Capecitabine

證據等級: L5 預測適應症: 10

目錄

  1. Capecitabine
  2. Capecitabine: From Colorectal Cancer to Gastric Adenocarcinoma and Proximal Polyposis of the Stomach
    1. One-Sentence Summary
    2. Quick Overview
    3. Why is This Prediction Reasonable?
    4. Clinical Trial Evidence
    5. Literature Evidence
    6. Market Information
    7. Cytotoxicity
    8. Safety Considerations
    9. Conclusion and Next Steps
    10. Disclaimer

## 藥師評估報告

Capecitabine: From Colorectal Cancer to Gastric Adenocarcinoma and Proximal Polyposis of the Stomach

One-Sentence Summary

Capecitabine is an oral fluoropyrimidine prodrug that is enzymatically converted to 5-fluorouracil (5-FU) preferentially within tumour tissues, widely used globally for colorectal cancer, gastric cancer, and breast cancer treatment. The TxGNN model predicts it may be effective for Gastric Adenocarcinoma and Proximal Polyposis of the Stomach (GAPPS) — a rare hereditary gastric cancer syndrome — with 0 clinical trials and 0 publications currently supporting this specific indication, placing the evidence at L5 (AI prediction only).


Quick Overview

Item Content
Original Indication No approved indication on record in this database (Taiwan/EU data gap)
Predicted New Indication Gastric Adenocarcinoma and Proximal Polyposis of the Stomach (GAPPS)
TxGNN Prediction Score 99.94%
Evidence Level L5
Market Status Not marketed (0 authorizations on record)
Number of Authorizations 0
Recommended Decision Hold

Why is This Prediction Reasonable?

Currently, detailed mechanism of action data is not available from the Evidence Pack (flagged as Data Gap). Based on known pharmacology, Capecitabine is an oral fluoropyrimidine prodrug that undergoes a three-step enzymatic conversion to 5-fluorouracil (5-FU), with the final activation step catalysed by Thymidine Phosphorylase (TP), which is overexpressed in many tumour tissues relative to healthy tissue. The active metabolite 5-FU inhibits Thymidylate Synthase (TS), thereby blocking de novo pyrimidine synthesis and DNA replication, ultimately triggering tumour cell apoptosis. This tumour-selective activation underlies its established use across multiple gastrointestinal cancers.

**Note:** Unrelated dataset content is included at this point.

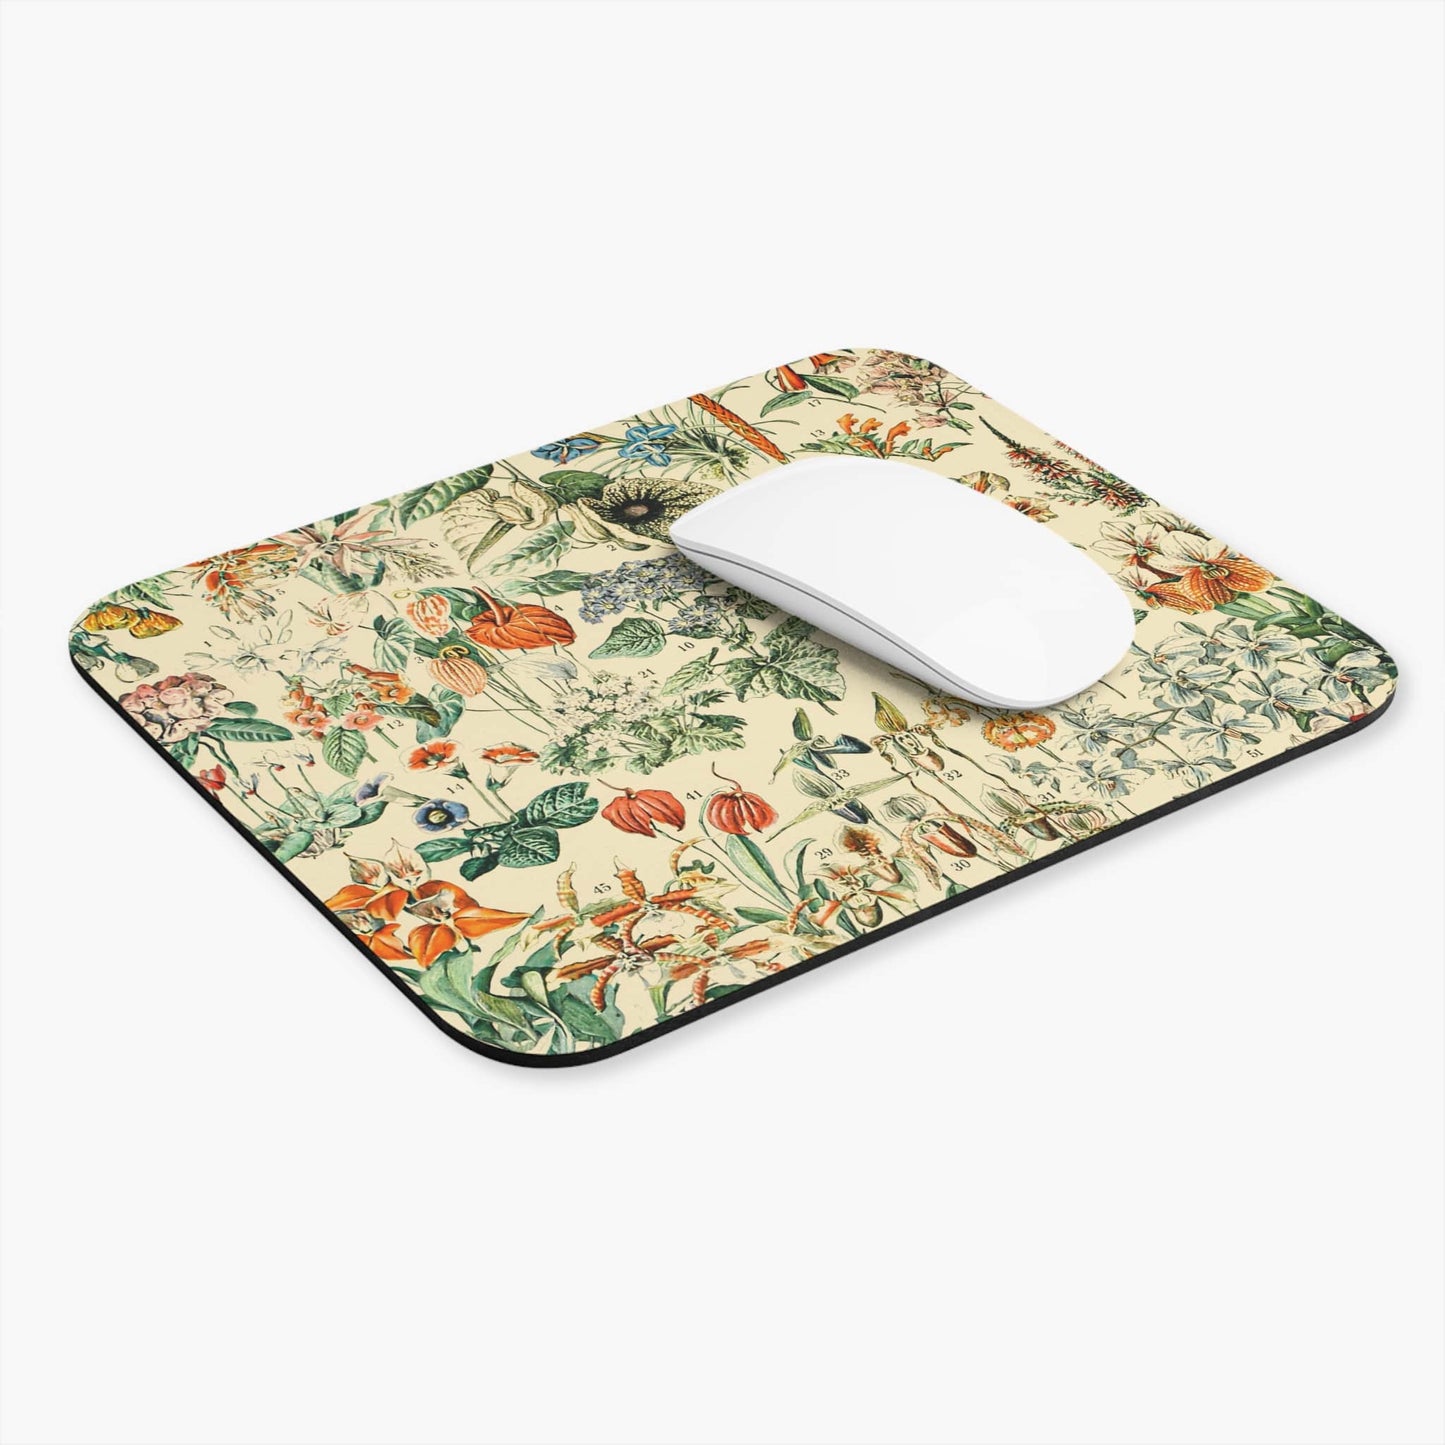 Wildflower and Plants Computer Desk Mouse Pad With White Mouse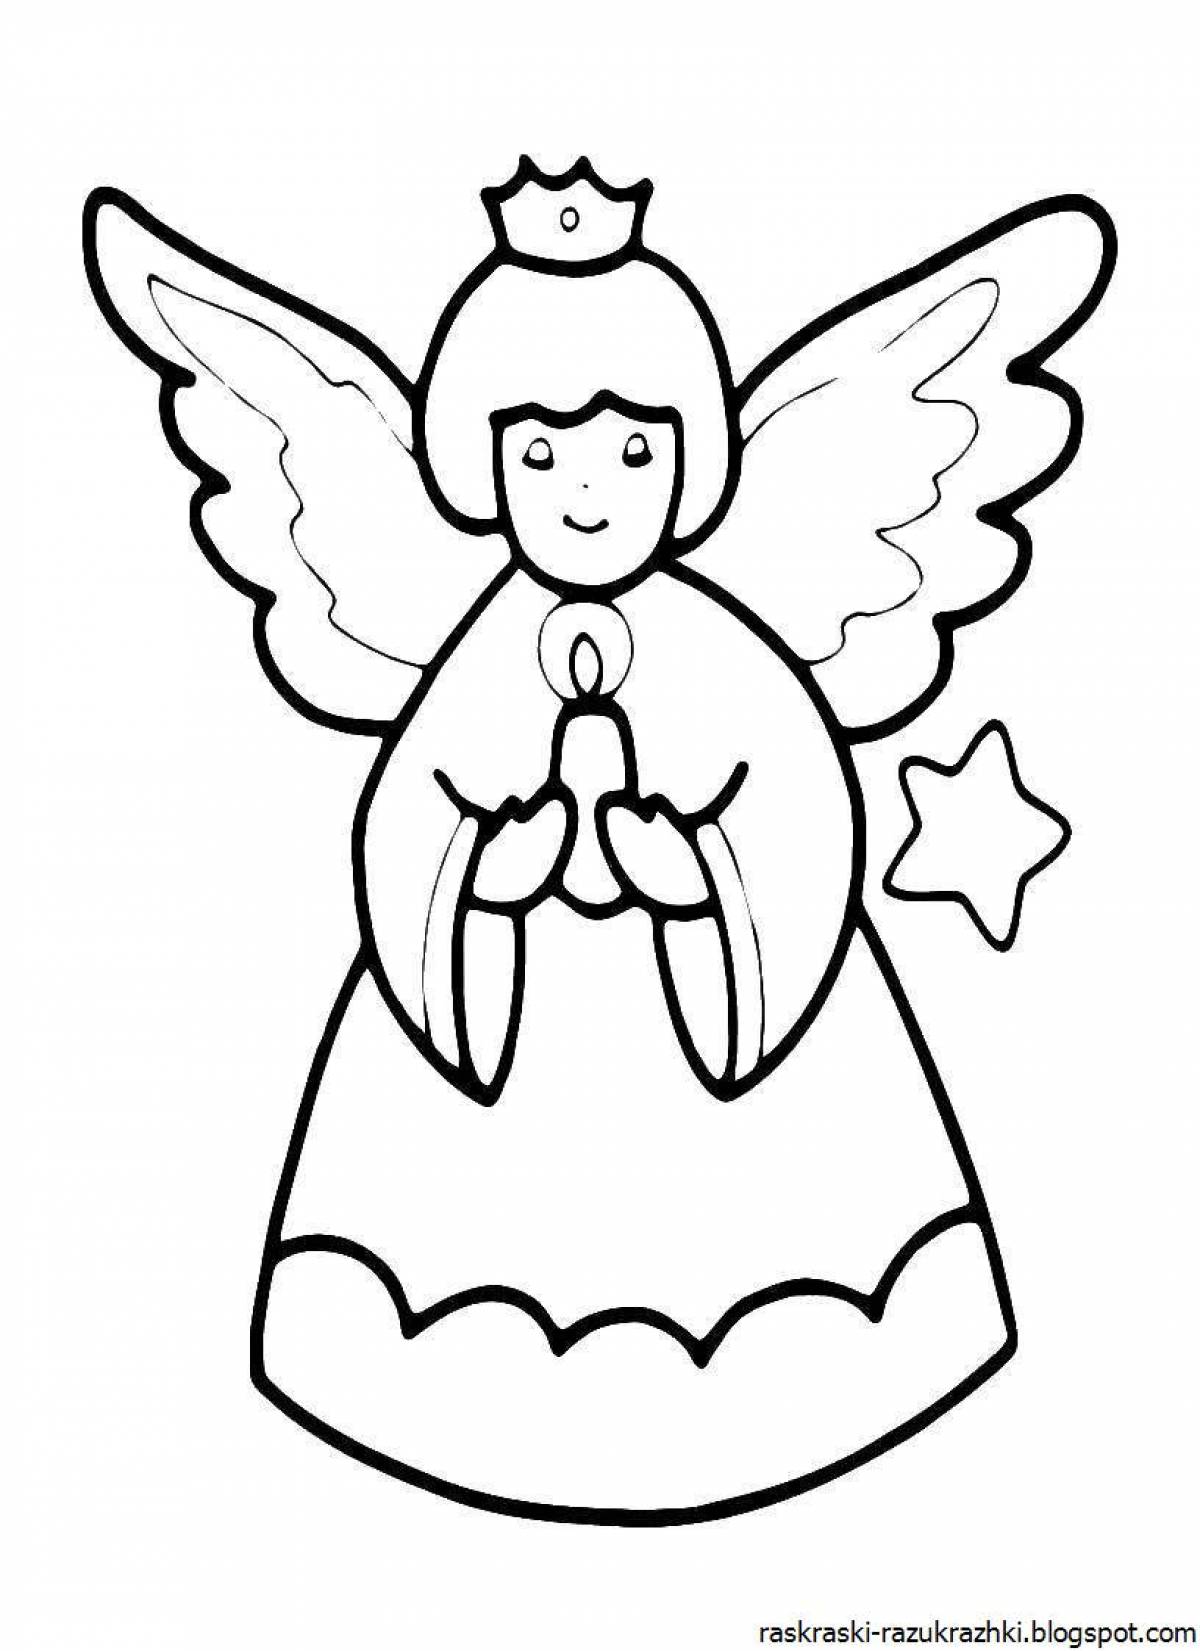 Exalted Christmas angel coloring page

GAPPS (Gastric Adenocarcinoma and Proximal Polyposis of the Stomach) is an ultra-rare hereditary syndrome caused by germline point mutations in the APC gene Promoter 1B, resulting in diffuse fundic gland polyposis in the gastric fundus and body with high malignant transformation potential. Mechanistically, Capecitabine’s TS inhibition pathway is theoretically applicable to GAPPS-associated adenocarcinoma, since the target enzyme is relevant to rapidly proliferating cancer cells regardless of tumour origin. The transformation from GAPPS polyps to frank adenocarcinoma shares histopathological features with sporadic gastric cancer.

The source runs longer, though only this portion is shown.